Наши мальчишки и наши господа офицеры! Невольники войны. В одночасье ставшие умудренными, как старики. И не с кем им было судьбой меняться — такая уж им выпала доля, так жребий пал. Такими они и покинут землю, каждый из них в свою пору. Мы им во след, а кого еще при здравом уме осыпим, станется, хулой. но все же не столько их, приуставших и обреченных стылой победой, а тех, кто их посылал и направлял на столкновение неправое, богохульное, неугодное.

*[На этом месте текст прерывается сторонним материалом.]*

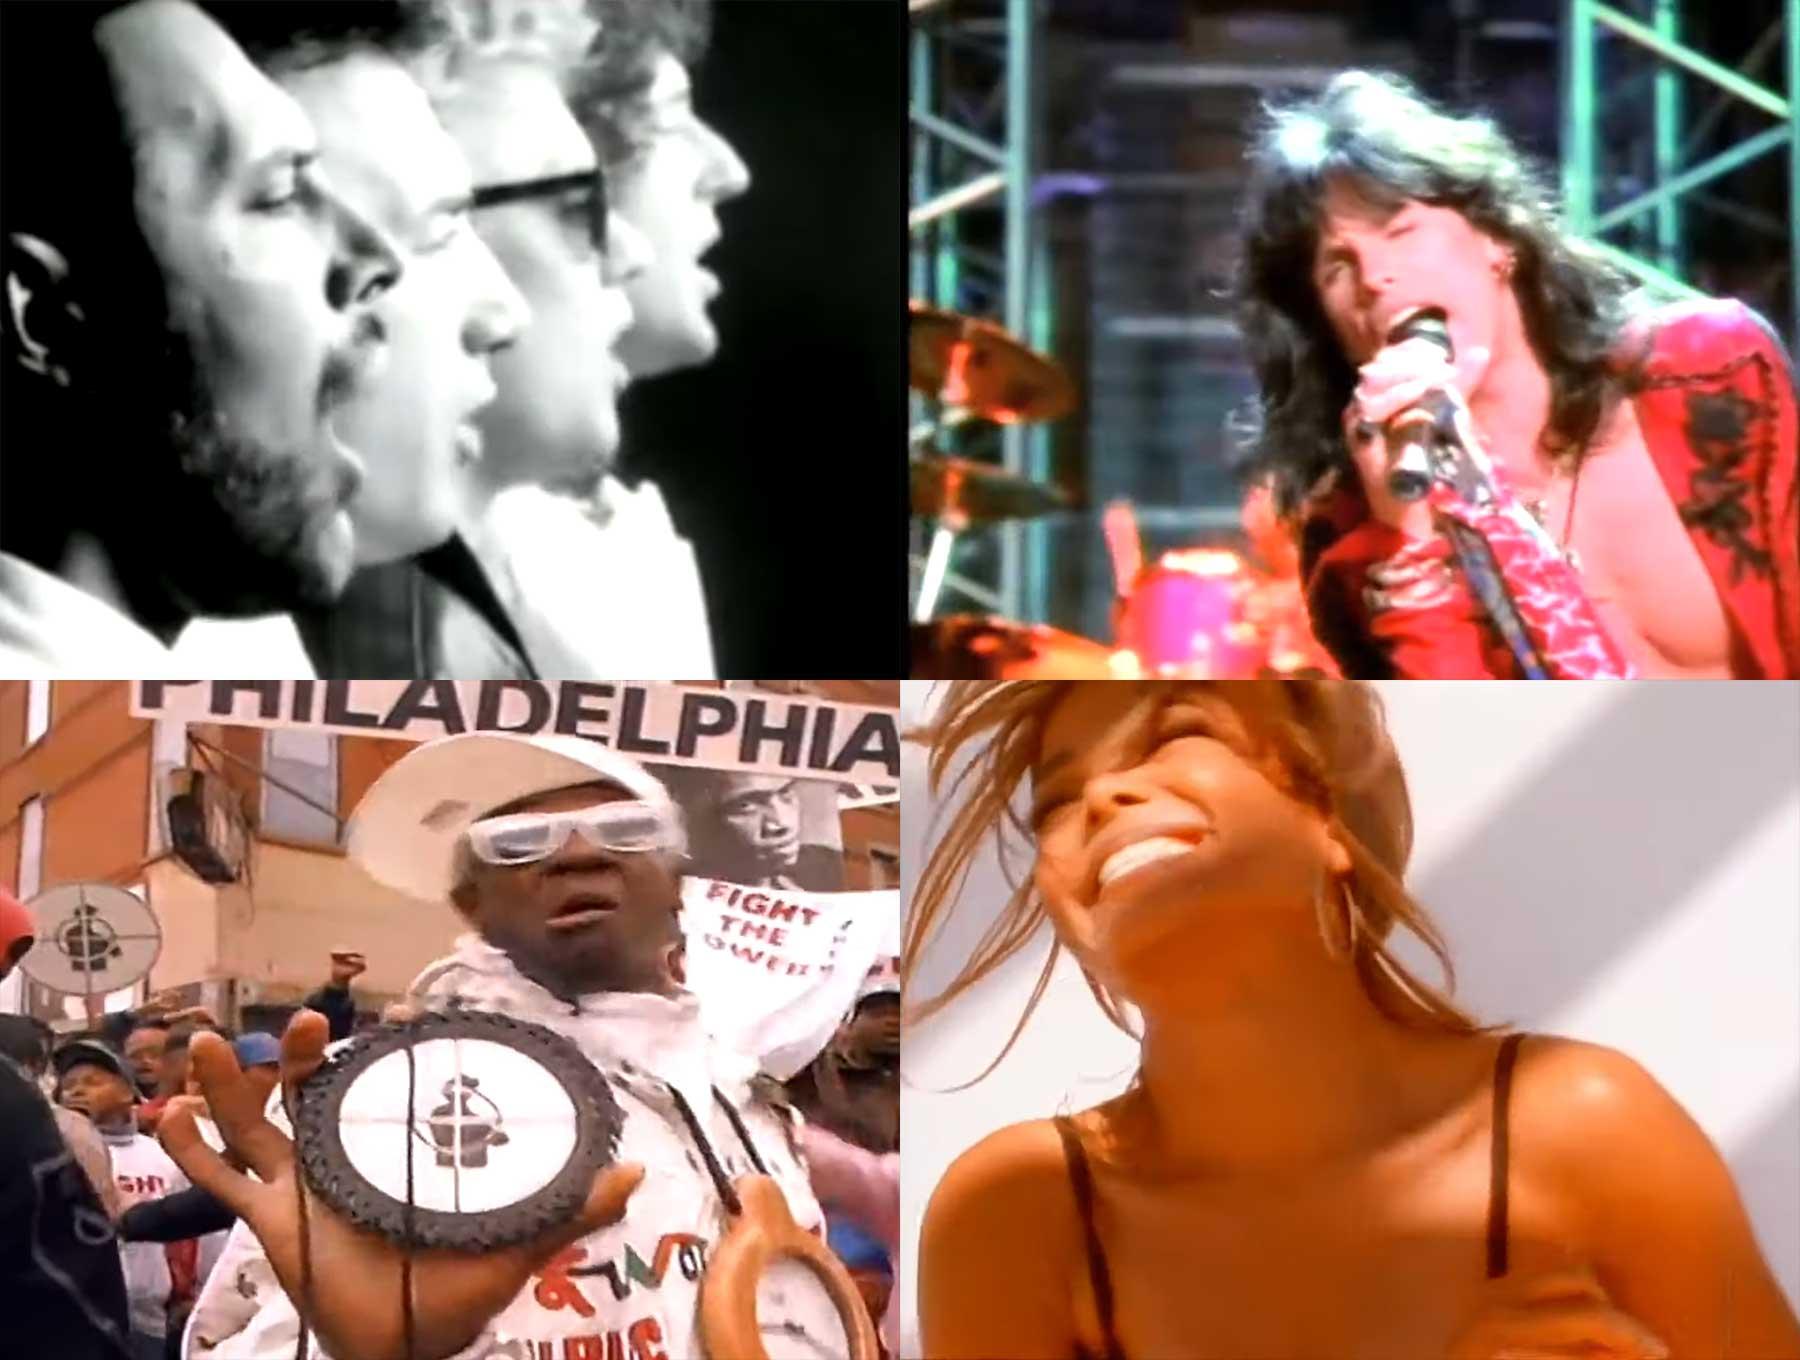 Mashup: Die 50 besten Songs des Jahres 1989 in 3 Minuten mashup-beste-songs-1989
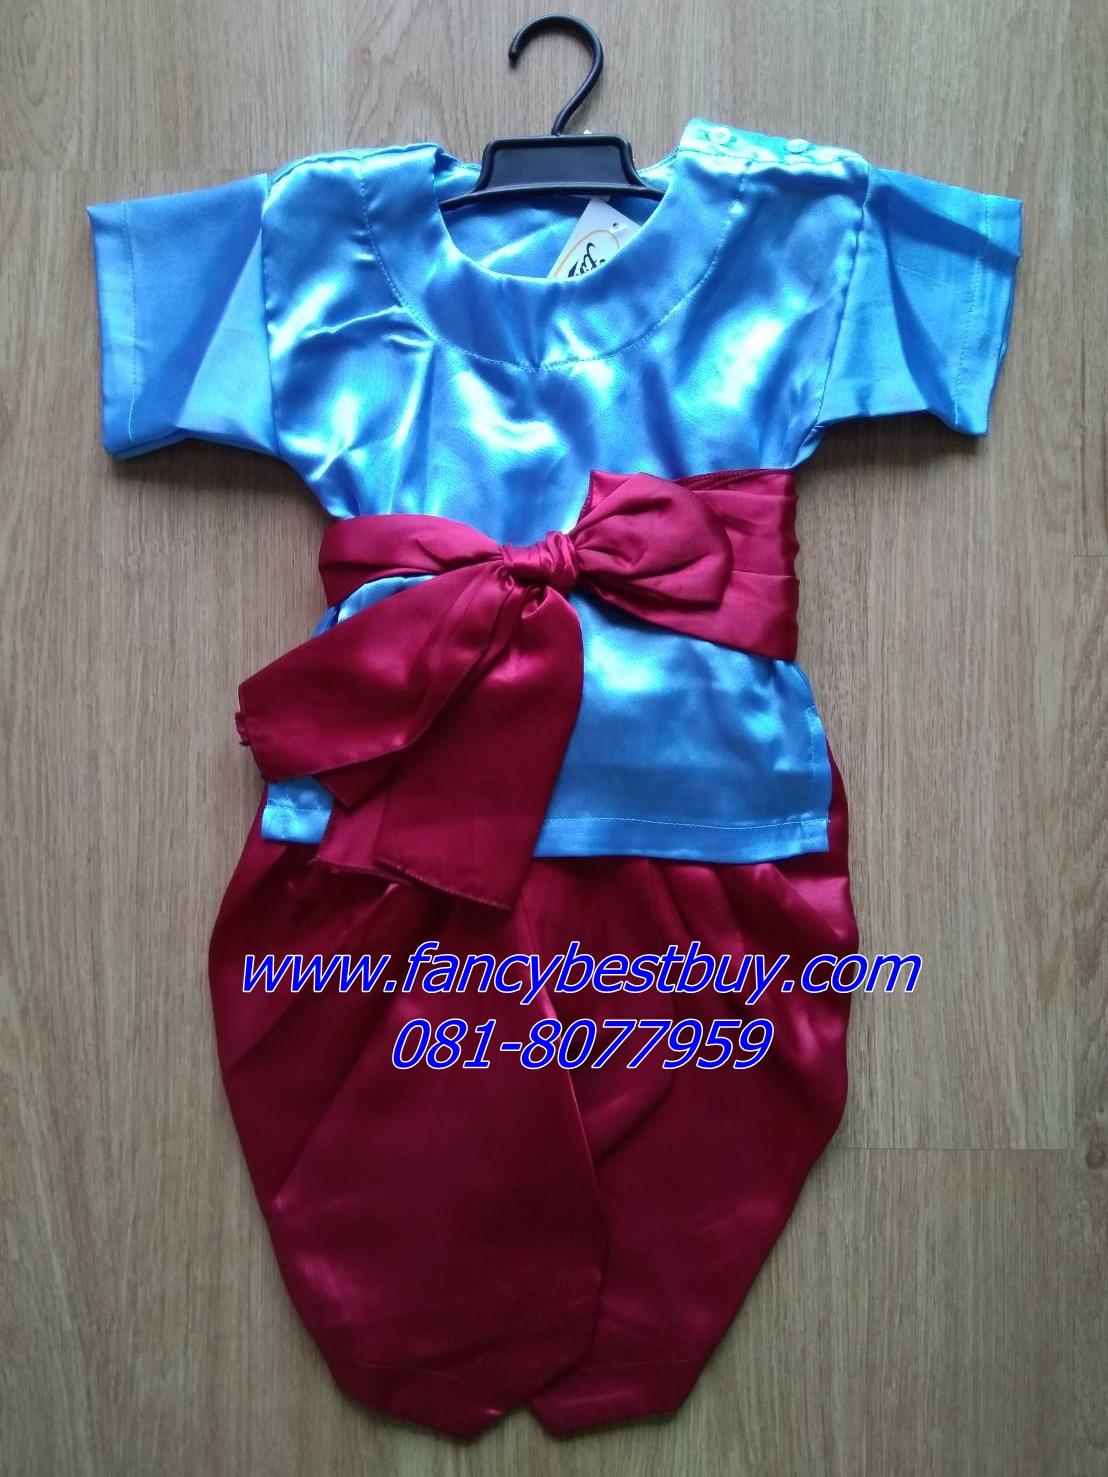 ชุดประจำชาติลาว สำหรับเด็กชาย Lao ขนาด S (เหมาะกับเด็ก 105-115 ซม)

Воины скошенными зернами порассыпались по пахоте уже не пахотной обители, подперли ее стены и своды своими повинными могутными плечами, и каждый из них предстал трезвейшим светом и сказкой из потемок… Во Дворце… переставшего в одночасье быть Дворцом; в — скворечнике разворошенном, без улаженного гнезда, без выводка неоперившегося, которому — так никогда и не стать на крыло. Не разметывали бойцы и не стлали желтую солому по полу, чтоб мягко себе постелить, а присутствие хлева — соблазнительный образ минут тех: где никак не уляжется крови сухая возня; где еще не рассеялся мрак и петух не пропел; где раззадоренный вол тихонько гладит шершавым языком шерсть подруги своей и одновременно чужой, и ворошит соломой при этом желанном напоре; где немного теплого куриного помета и бестолкового овечьего тепла.- присутствие всего этого все равно было, все равно ощущалось. Так устроилось в те минуты, и им, участникам и соучастникам, не выйти из того заколдованного круга — они вповалку лежали на роздыхе, туго спеленатые только что свершенным, не человечьим, а боле животным, и несуществующая солома от недолгого сна-забытья все равно шевелилась…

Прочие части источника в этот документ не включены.